| PROMPT |
Among the records below, find the line with "FC Pune City players" and the line with "Photo by Vipin Pawar / ISL/ SPORTZPICS". Set down both and every line between, exactly and with no pictures, but nothing else.

[INPUT DATA — start]

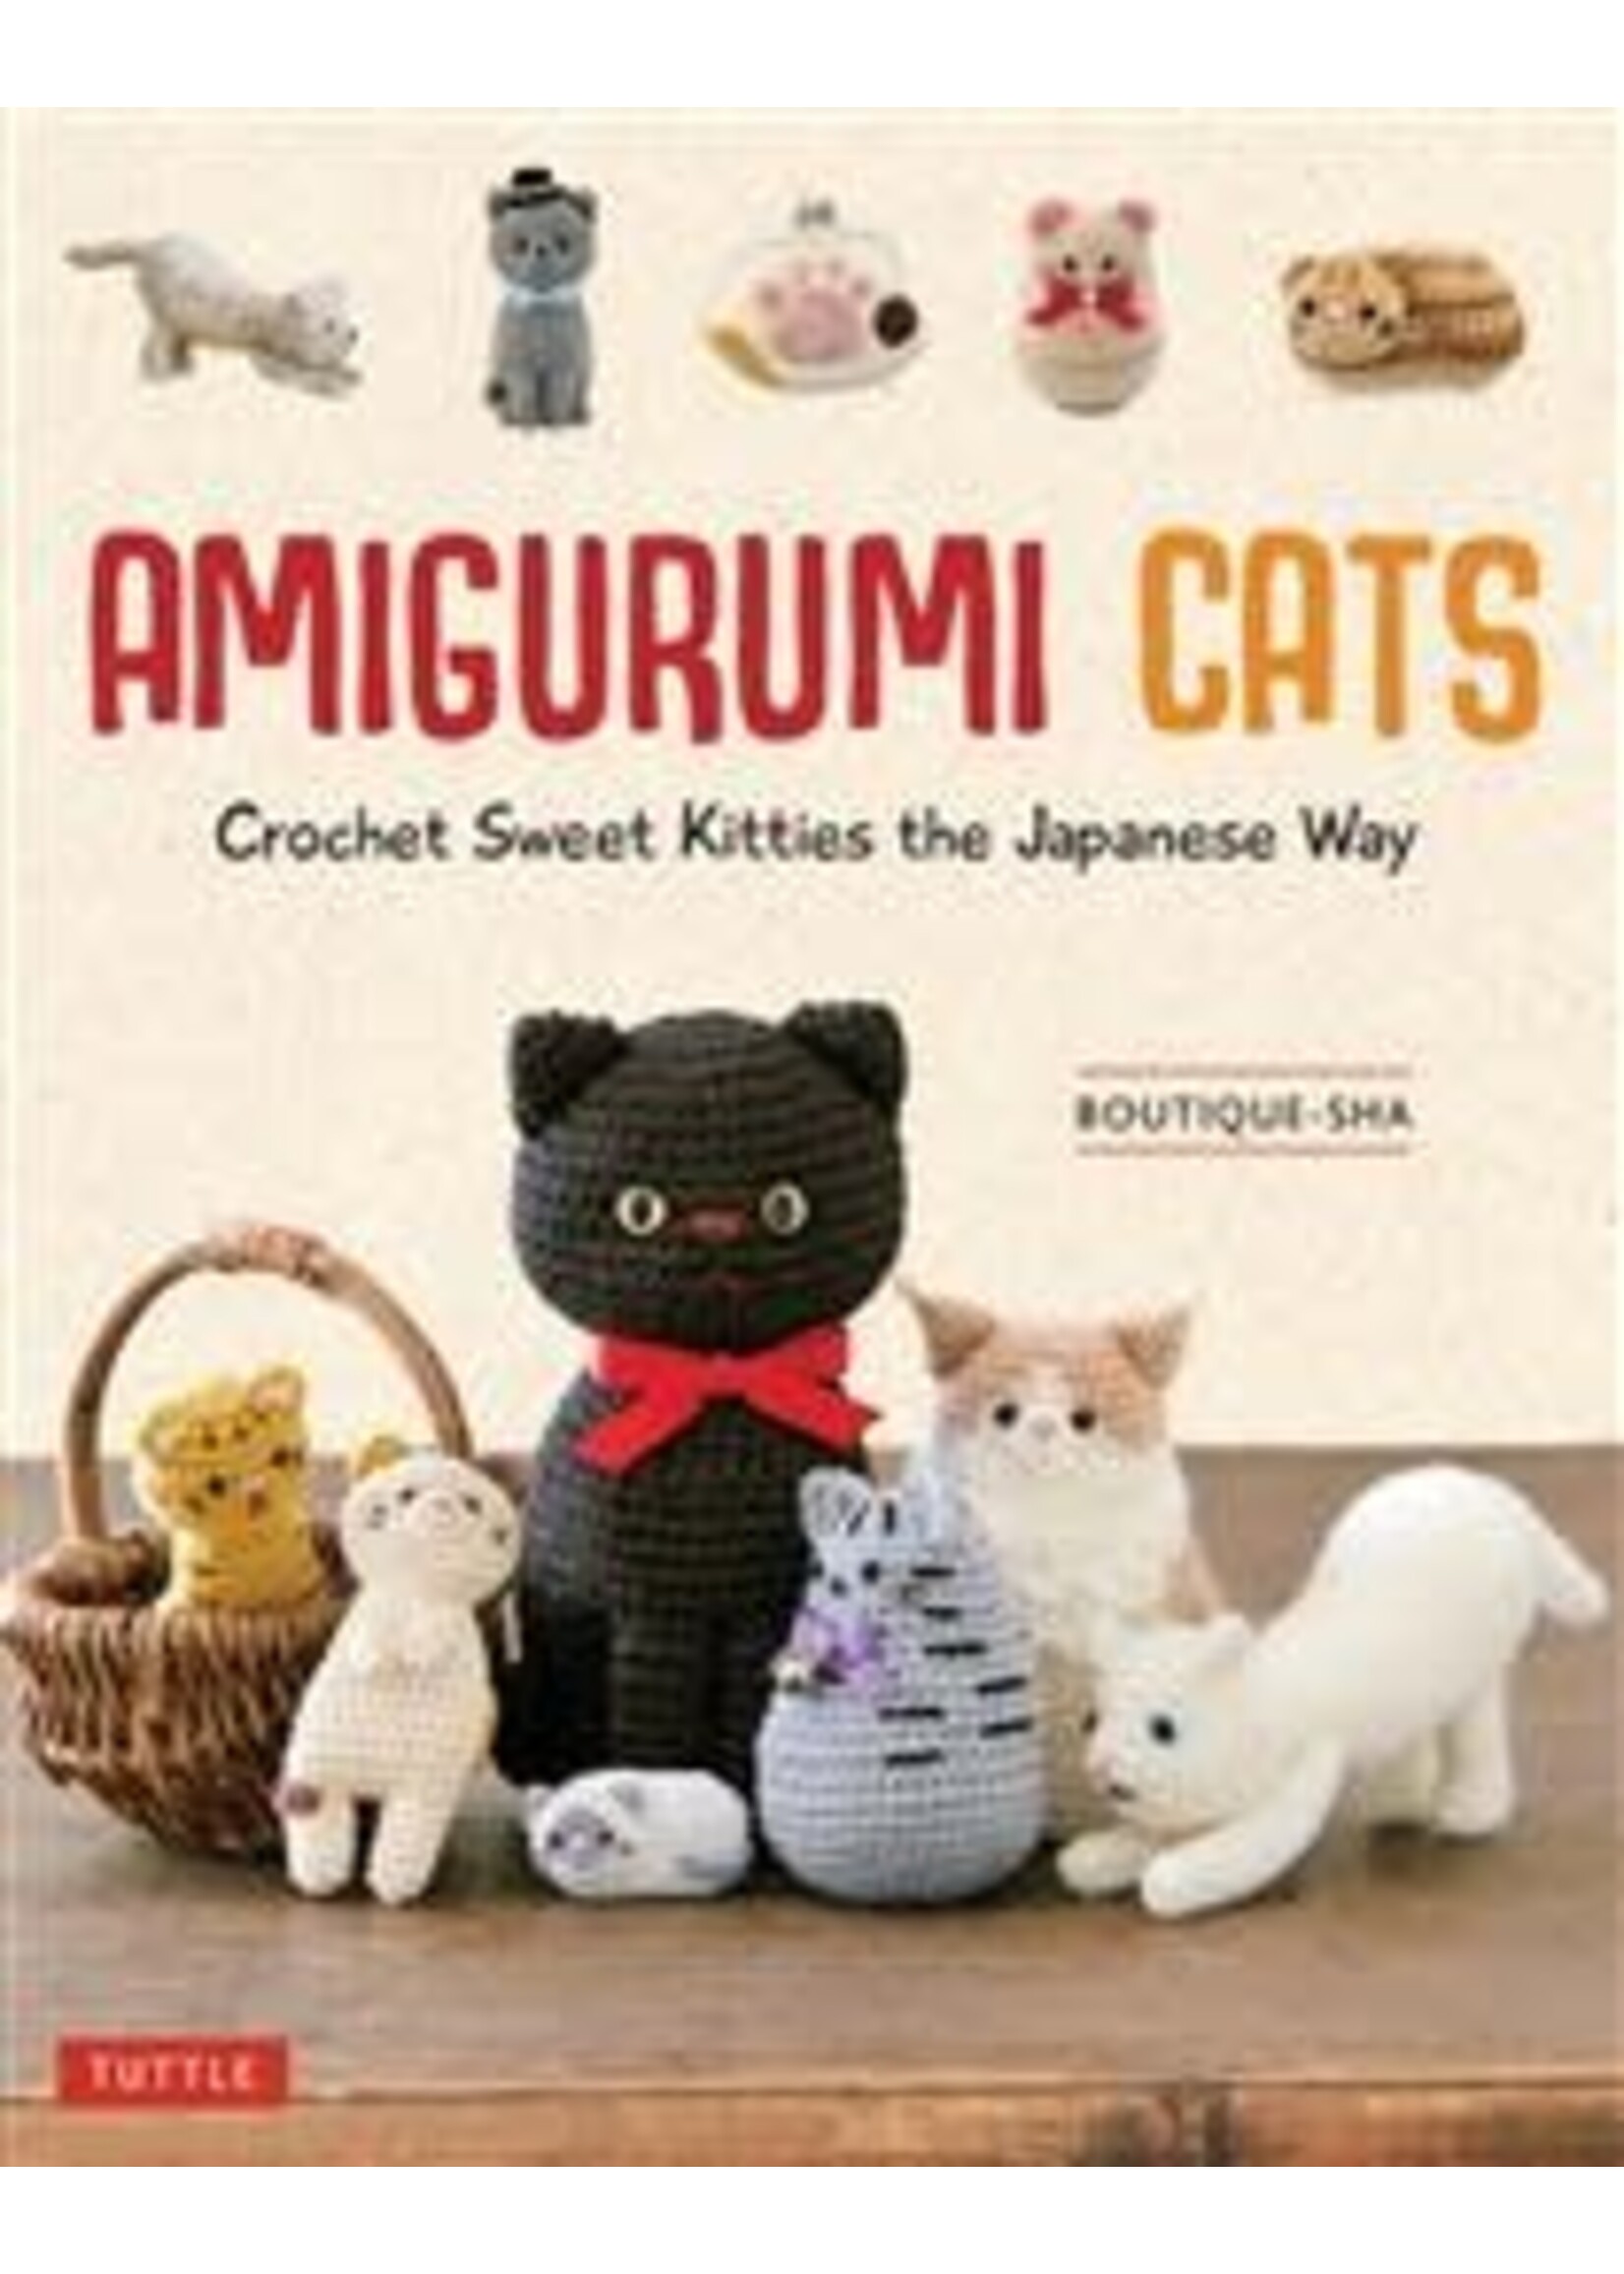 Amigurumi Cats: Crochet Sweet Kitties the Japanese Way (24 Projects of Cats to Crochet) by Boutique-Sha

[INPUT DATA — finish]
[INPUT DATA — start]

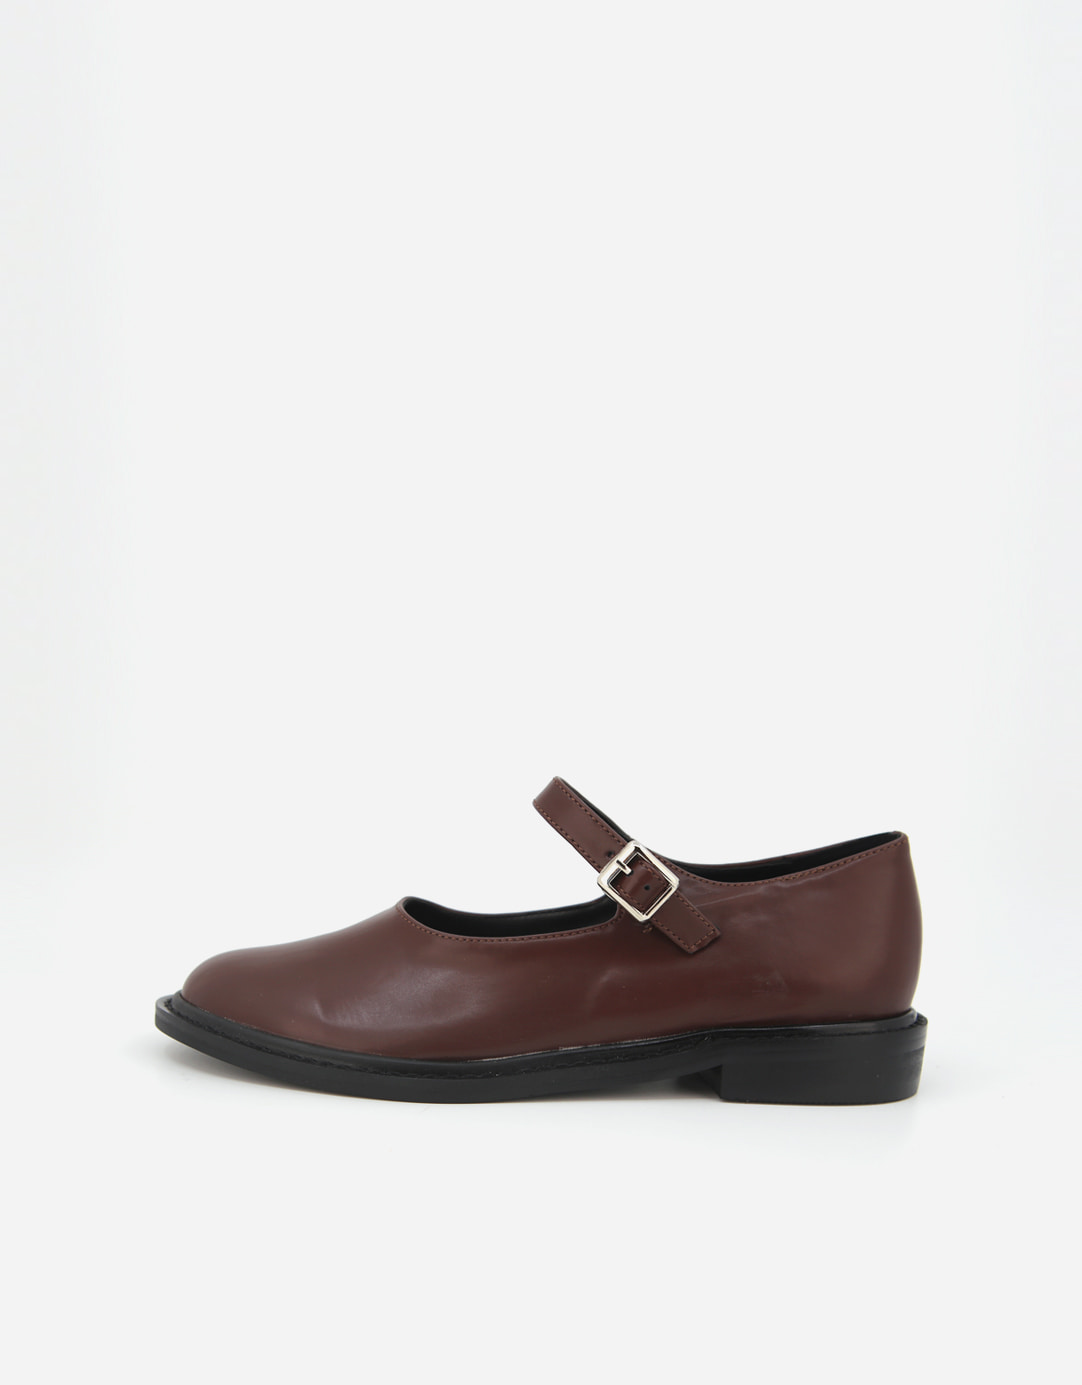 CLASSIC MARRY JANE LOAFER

[INPUT DATA — finish]
[INPUT DATA — start]

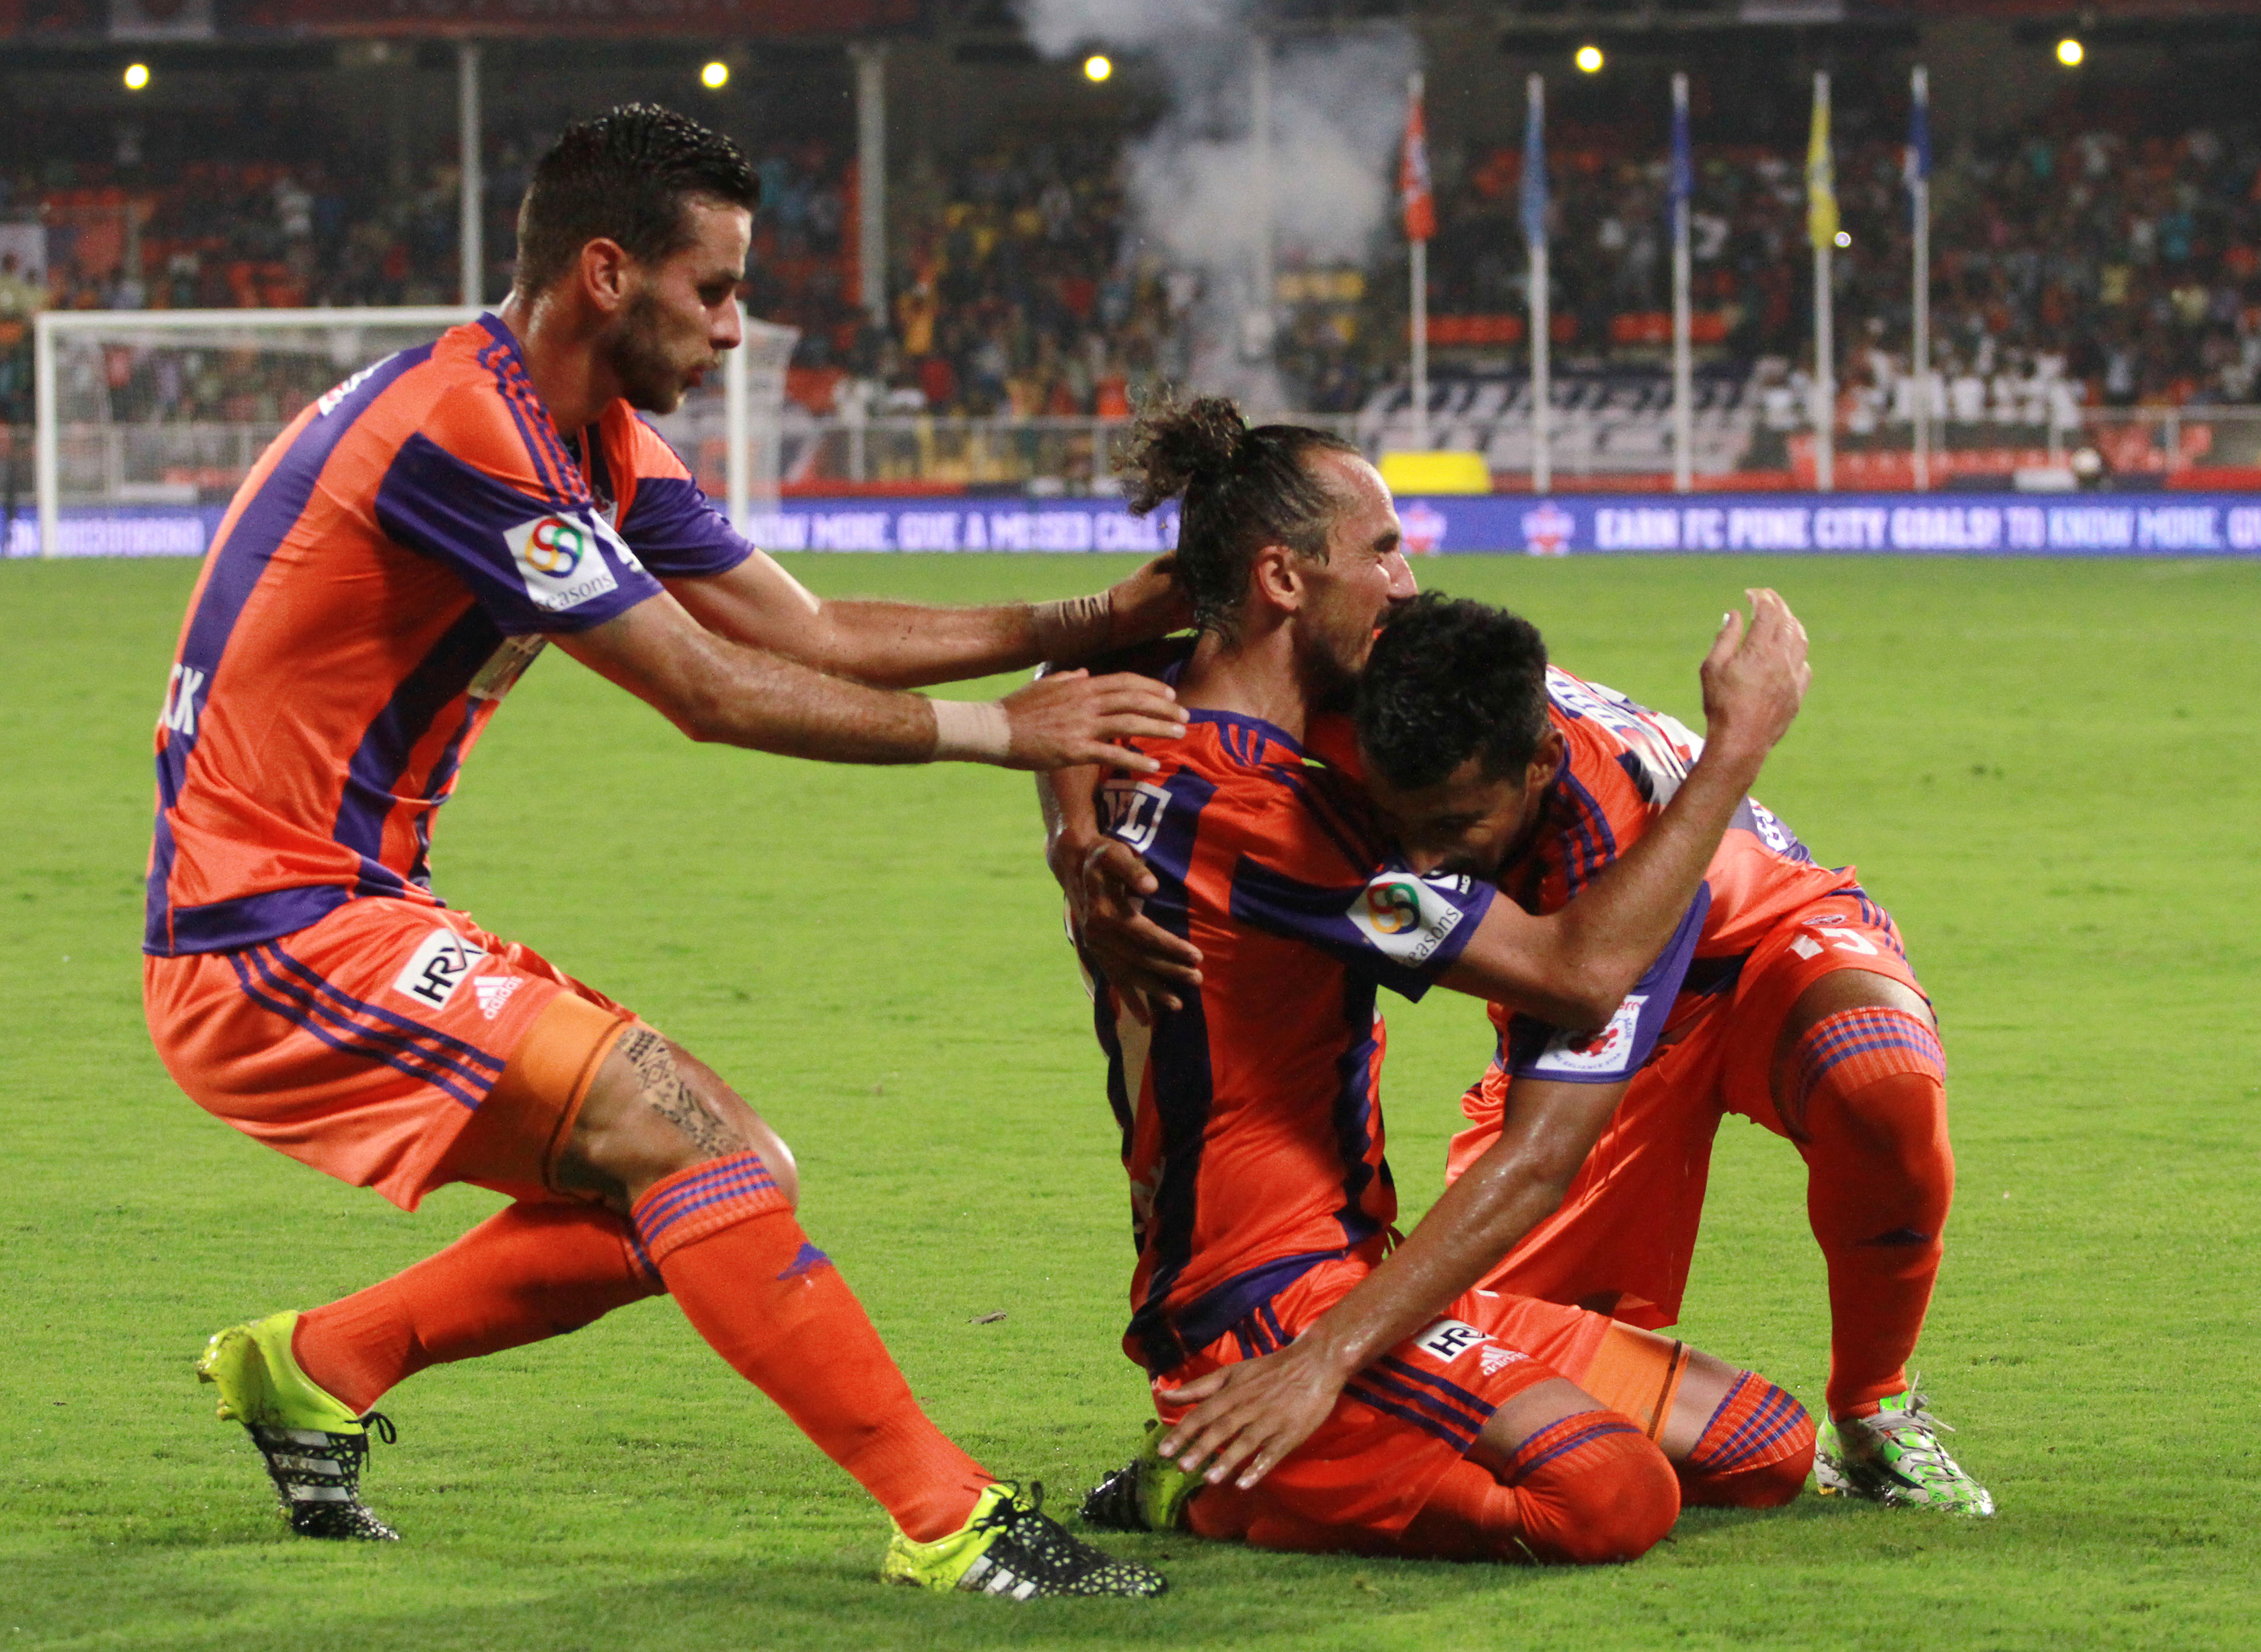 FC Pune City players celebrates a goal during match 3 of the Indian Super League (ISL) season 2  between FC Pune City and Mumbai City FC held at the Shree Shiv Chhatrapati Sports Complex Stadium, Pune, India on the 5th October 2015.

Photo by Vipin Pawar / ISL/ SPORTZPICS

[INPUT DATA — finish]

| TASK RESULT |
 FC Pune City players celebrates a goal during match 3 of the Indian Super League (ISL) season 2  between FC Pune City and Mumbai City FC held at the Shree Shiv Chhatrapati Sports Complex Stadium, Pune, India on the 5th October 2015.

Photo by Vipin Pawar / ISL/ SPORTZPICS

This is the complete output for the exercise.